Print, exactly as they stand, the lines below from the one that has "Panasonic 4520 Symbols/Icons, Getting" to the one that has "The IOC will", inclusive, leaving out the pictures.

**Material for this task:**
____

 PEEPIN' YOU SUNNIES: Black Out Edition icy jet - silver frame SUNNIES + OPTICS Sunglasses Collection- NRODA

____

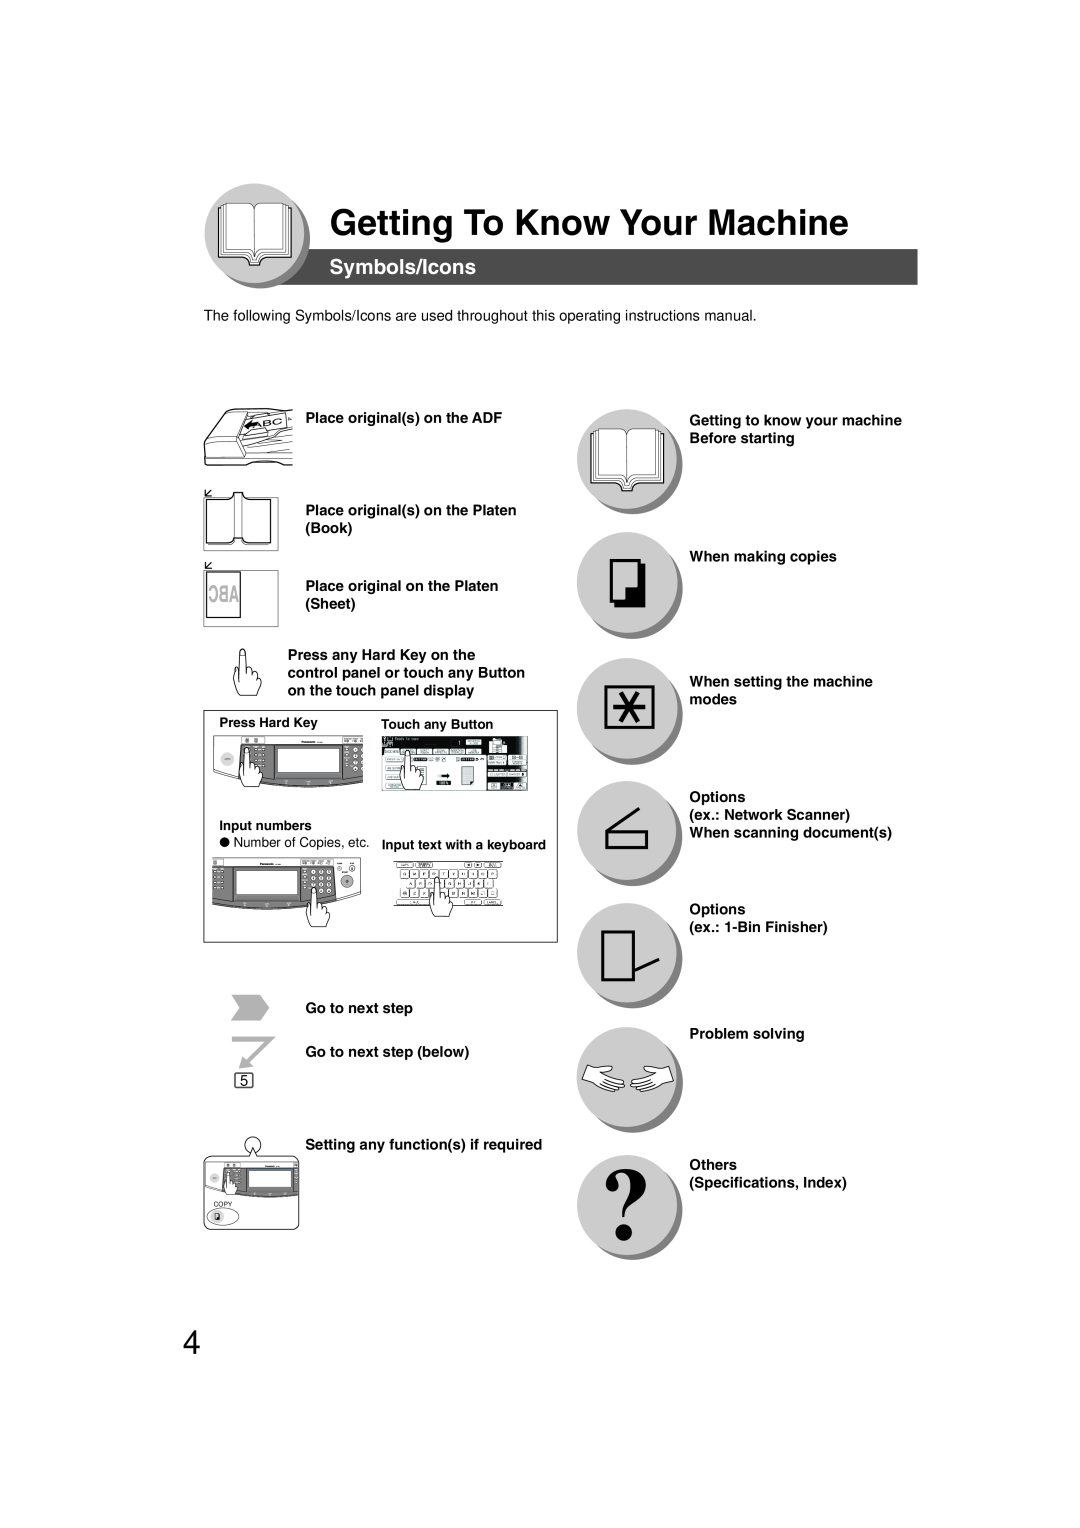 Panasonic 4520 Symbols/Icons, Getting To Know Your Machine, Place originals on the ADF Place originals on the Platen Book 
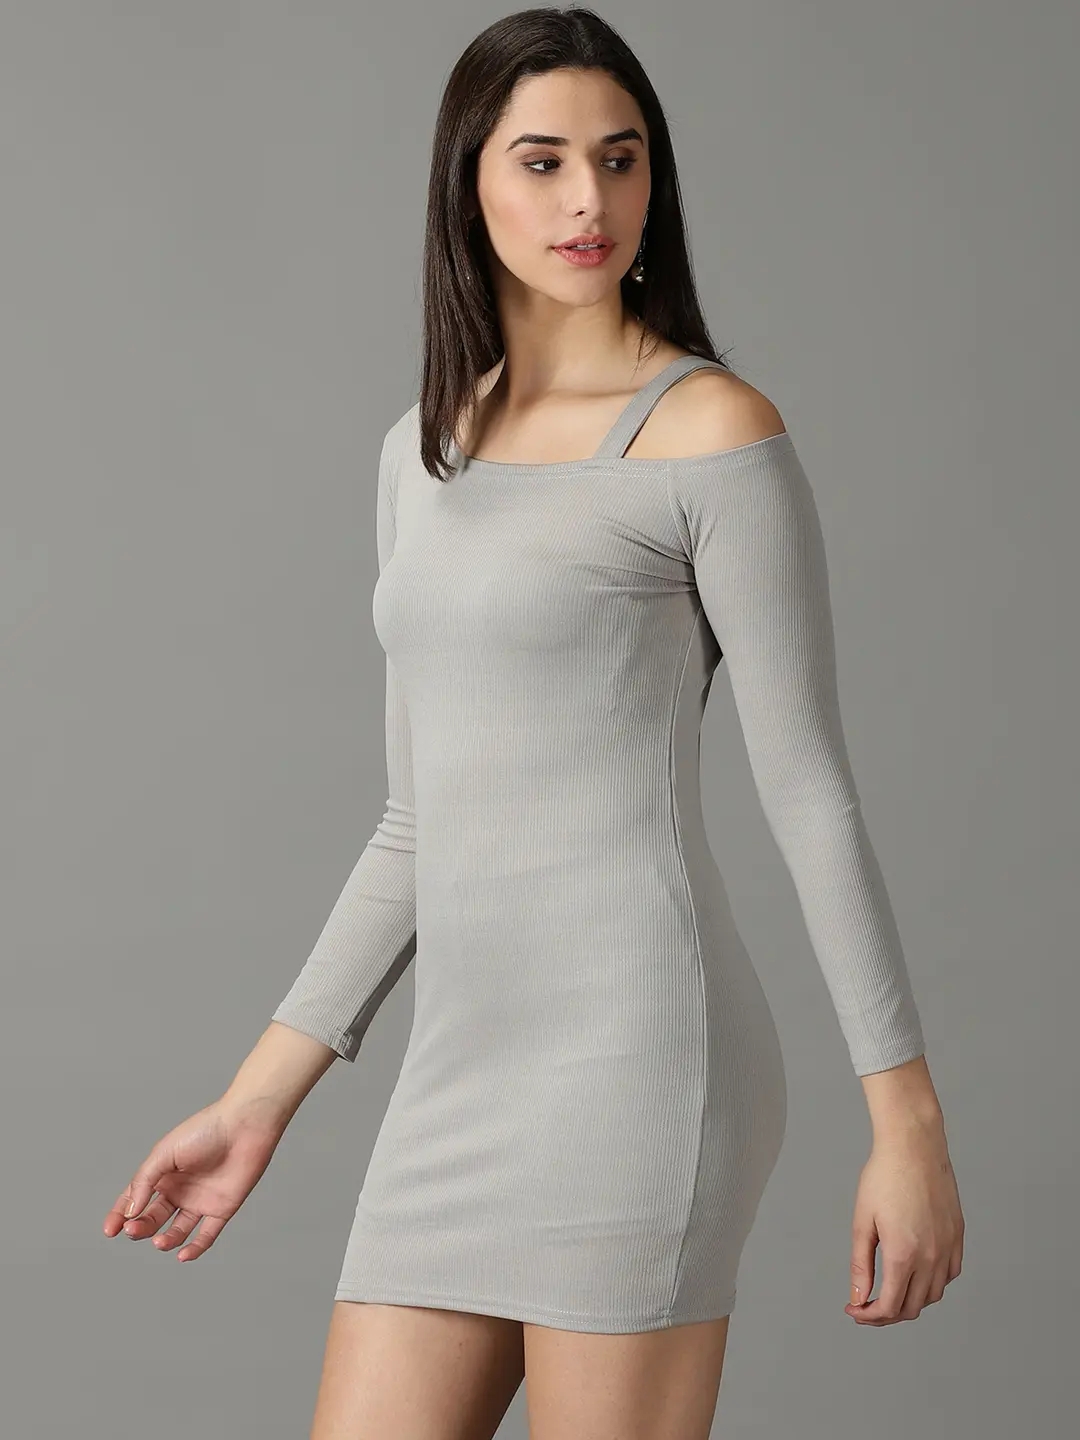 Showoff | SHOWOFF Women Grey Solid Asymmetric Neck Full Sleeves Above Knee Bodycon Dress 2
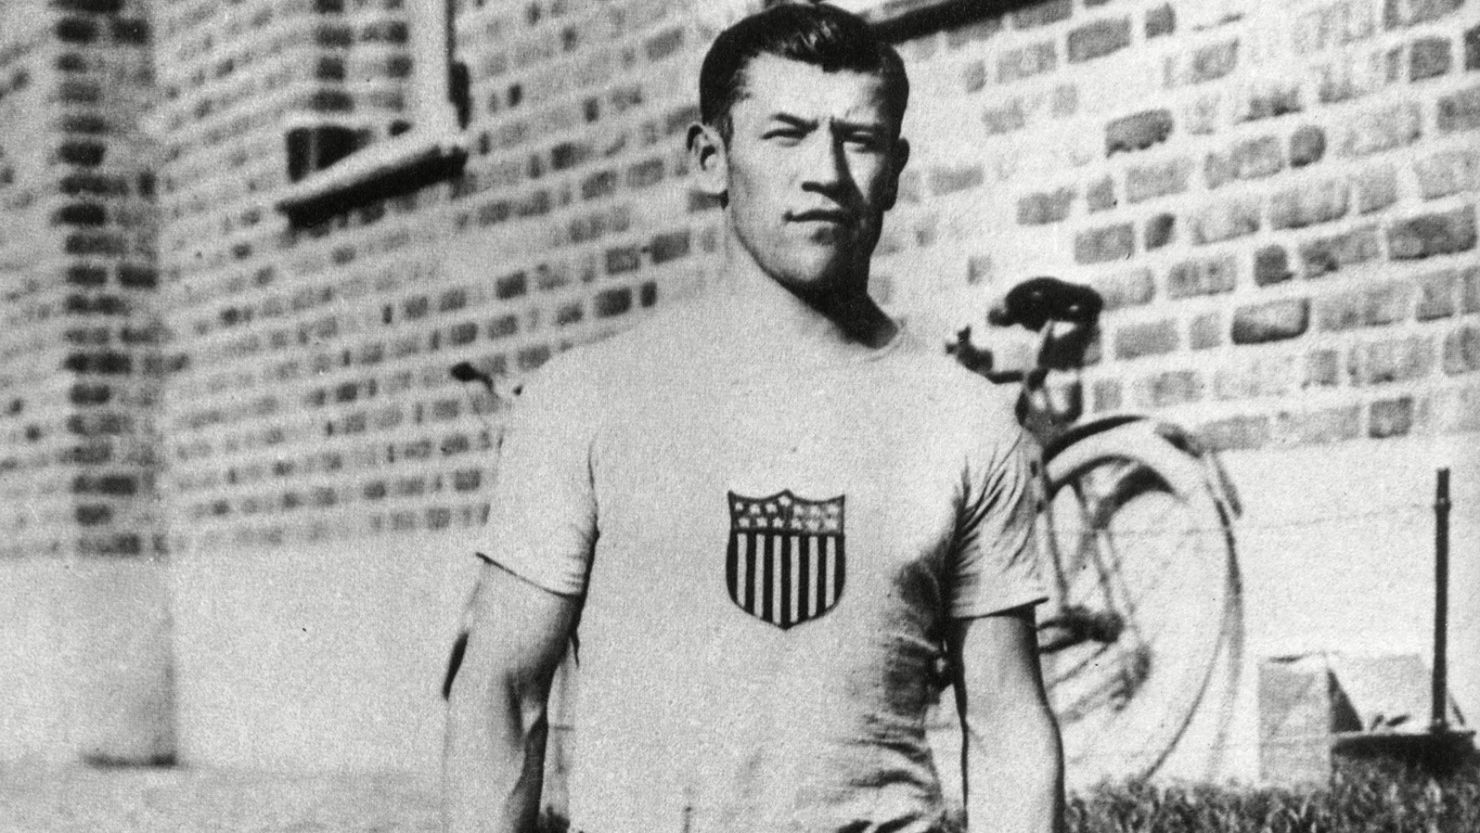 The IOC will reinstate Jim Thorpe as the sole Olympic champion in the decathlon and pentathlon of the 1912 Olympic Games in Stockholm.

____

**Response to the task:**
 Panasonic 4520 Symbols/Icons, Getting To Know Your Machine, Place originals on the ADF Place originals on the Platen Book 
 Showoff | SHOWOFF Women Grey Solid Asymmetric Neck Full Sleeves Above Knee Bodycon Dress 2
 The IOC will reinstate Jim Thorpe as the sole Olympic champion in the decathlon and pentathlon of the 1912 Olympic Games in Stockholm.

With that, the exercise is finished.